In this challenge, we ask you to complete the analysis of what sorts of people were likely to survive. In particular, we ask you to apply the tools of machine learning to predict which passengers survived the tragedy.

Titanic: Machine Learning from Disaster

import csv
import numpy as np
import pandas as pd
import pylab as p
%matplotlib inline  
train = pd.read_csv('train.csv', header = 0)
test = pd.read_csv('test.csv', header = 0)
train.info()
<class 'pandas.core.frame.DataFrame'>
Int64Index: 891 entries, 0 to 890
Data columns (total 12 columns):
PassengerId    891 non-null int64
Survived       891 non-null int64
Pclass         891 non-null int64
Name           891 non-null object
Sex            891 non-null object
Age            714 non-null float64
SibSp          891 non-null int64
Parch          891 non-null int64
Ticket         891 non-null object
Fare           891 non-null float64
Cabin          204 non-null object
Embarked       889 non-null object
dtypes: float64(2), int64(5), object(5)
memory usage: 90.5+ KB

From the info output, we could see that there were null values in the Age, Cabin and Embarked features. The majority of the values in Cabin feature were null and I felt the values were hard to interpret anyways so I decided to not include it in the model. There were also a few missing values in the Age and Embarked features, which would be imputed later.

train.head()
PassengerId Survived Pclass Name Sex Age SibSp Parch Ticket Fare Cabin Embarked
0 1 0 3 Braund, Mr. Owen Harris male 22 1 0 A/5 21171 7.2500 NaN S
1 2 1 1 Cumings, Mrs. John Bradley (Florence Briggs Th... female 38 1 0 PC 17599 71.2833 C85 C
2 3 1 3 Heikkinen, Miss. Laina female 26 0 0 STON/O2. 3101282 7.9250 NaN S
3 4 1 1 Futrelle, Mrs. Jacques Heath (Lily May Peel) female 35 1 0 113803 53.1000 C123 S
4 5 0 3 Allen, Mr. William Henry male 35 0 0 373450 8.0500 NaN S
train[train['Age'].isnull()].head()
PassengerId Survived Pclass Name Sex Age SibSp Parch Ticket Fare Cabin Embarked
5 6 0 3 Moran, Mr. James male NaN 0 0 330877 8.4583 NaN Q
17 18 1 2 Williams, Mr. Charles Eugene male NaN 0 0 244373 13.0000 NaN S
19 20 1 3 Masselmani, Mrs. Fatima female NaN 0 0 2649 7.2250 NaN C
26 27 0 3 Emir, Mr. Farred Chehab male NaN 0 0 2631 7.2250 NaN C
28 29 1 3 O'Dwyer, Miss. Ellen "Nellie" female NaN 0 0 330959 7.8792 NaN Q
train[train['Embarked'].isnull()]
PassengerId Survived Pclass Name Sex Age SibSp Parch Ticket Fare Cabin Embarked
61 62 1 1 Icard, Miss. Amelie female 38 0 0 113572 80 B28 NaN
829 830 1 1 Stone, Mrs. George Nelson (Martha Evelyn) female 62 0 0 113572 80 B28 NaN

So, let’s dive deeper into the data and see if we could understand which features were more important for our model. The competition summary hinted that some groups of people were more likely to survive than others, such as women, children, and the upper-class. The obvious predicators in the data for women and children is sex and age. The Pclass predicator should be a direct representation of a passenger’s socio-economic status. The Fare predicator might also indicates if a passenger was upper-class.

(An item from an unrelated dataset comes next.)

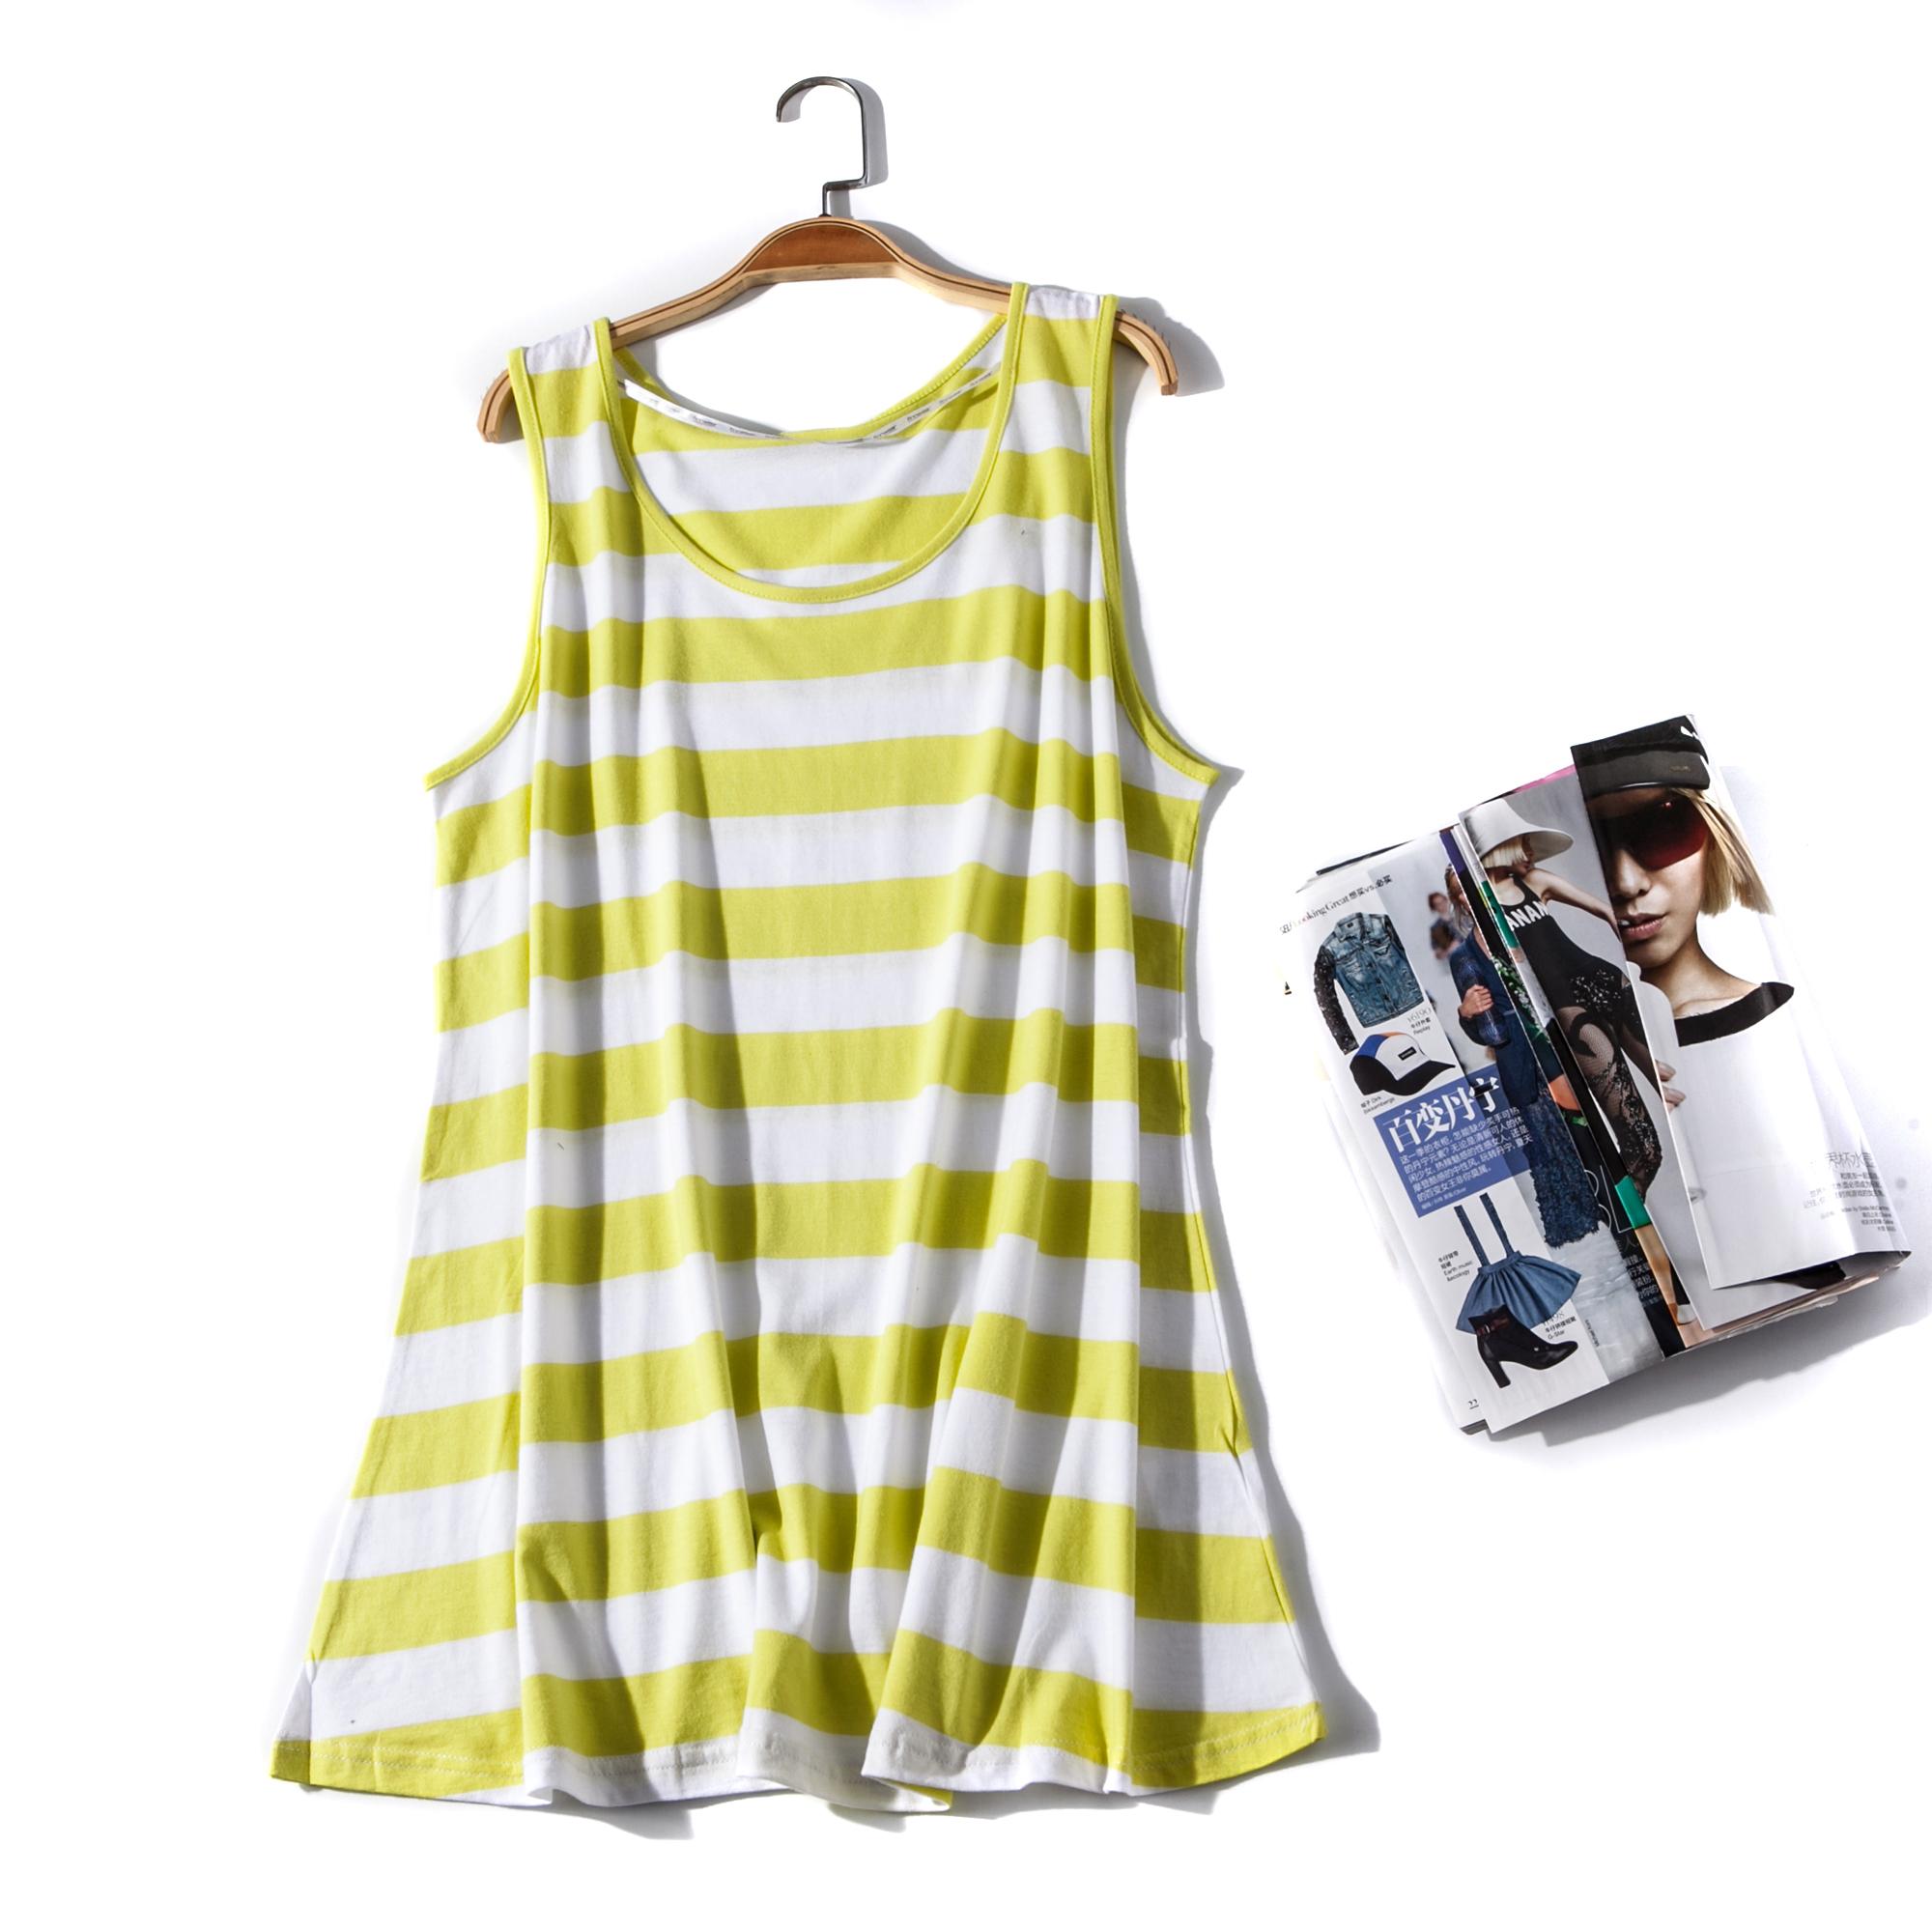 出口欧美单女装胸围88-100cm 圆领无袖T恤女大码条纹背心G224

fig, axes = p.subplots(nrows=2, ncols=2, figsize=(15,10))
#compare male and female survival rate
male_female1 = pd.DataFrame({'Male':train[train['Sex'] == 'male']['Survived'].value_counts(),
                             'Female':train[train['Sex'] == 'female']['Survived'].value_counts()}, columns = ['Male','Female'])
male_female1.plot(kind = 'bar', title='Male and Female Survival Comparison 1', alpha = 0.3, stacked = True, ax=axes[0,0])

male_female2 = pd.DataFrame({'Survived':train[train['Survived'] == 1]['Sex'].value_counts(),
                             'Died':train[train['Survived'] == 0]['Sex'].value_counts()}, columns = ['Survived','Died'])
male_female2.plot(kind = 'bar', title='Male and Female Survival Comparison 2', alpha = 0.3, stacked = True, ax=axes[0,1])

#compare male and female survival rate across different age groups
male_survived_age = pd.DataFrame({'Survived':train[(train['Sex'] == 'male') & (train['Survived'] == 1)]['Age'],
                                  'Died':train[(train['Sex'] == 'male') & (train['Survived'] == 0)]['Age']}, columns = ['Survived','Died'])
male_survived_age.plot(kind = 'hist', title='Male Survival Age Histogram', alpha = 0.3, stacked = True, ax=axes[1,0])

female_survived_age = pd.DataFrame({'Survived':train[(train['Sex'] == 'female') & (train['Survived'] == 1)]['Age'],
                                    'Died':train[(train['Sex'] == 'female') & (train['Survived'] == 0)]['Age']}, columns = ['Survived','Died'])
female_survived_age.plot(kind = 'hist', title='Female Survival Age Histogram', alpha = 0.3, stacked = True, ax=axes[1,1])

png

The first two plots showed that females had a significantly higher chance of survival compared with males, thanks to the “women and children first” maxim. Kudos to the gallant gentlemen who sacrificed themselves for the lives of the women and children. As we could see from the male survival histogram, male had a uniformly low survival rate across all age groups. It was noteworthy that the age group with the highest male survival rate was 0 - 10 years old, aka children, and elderly females almost all survived.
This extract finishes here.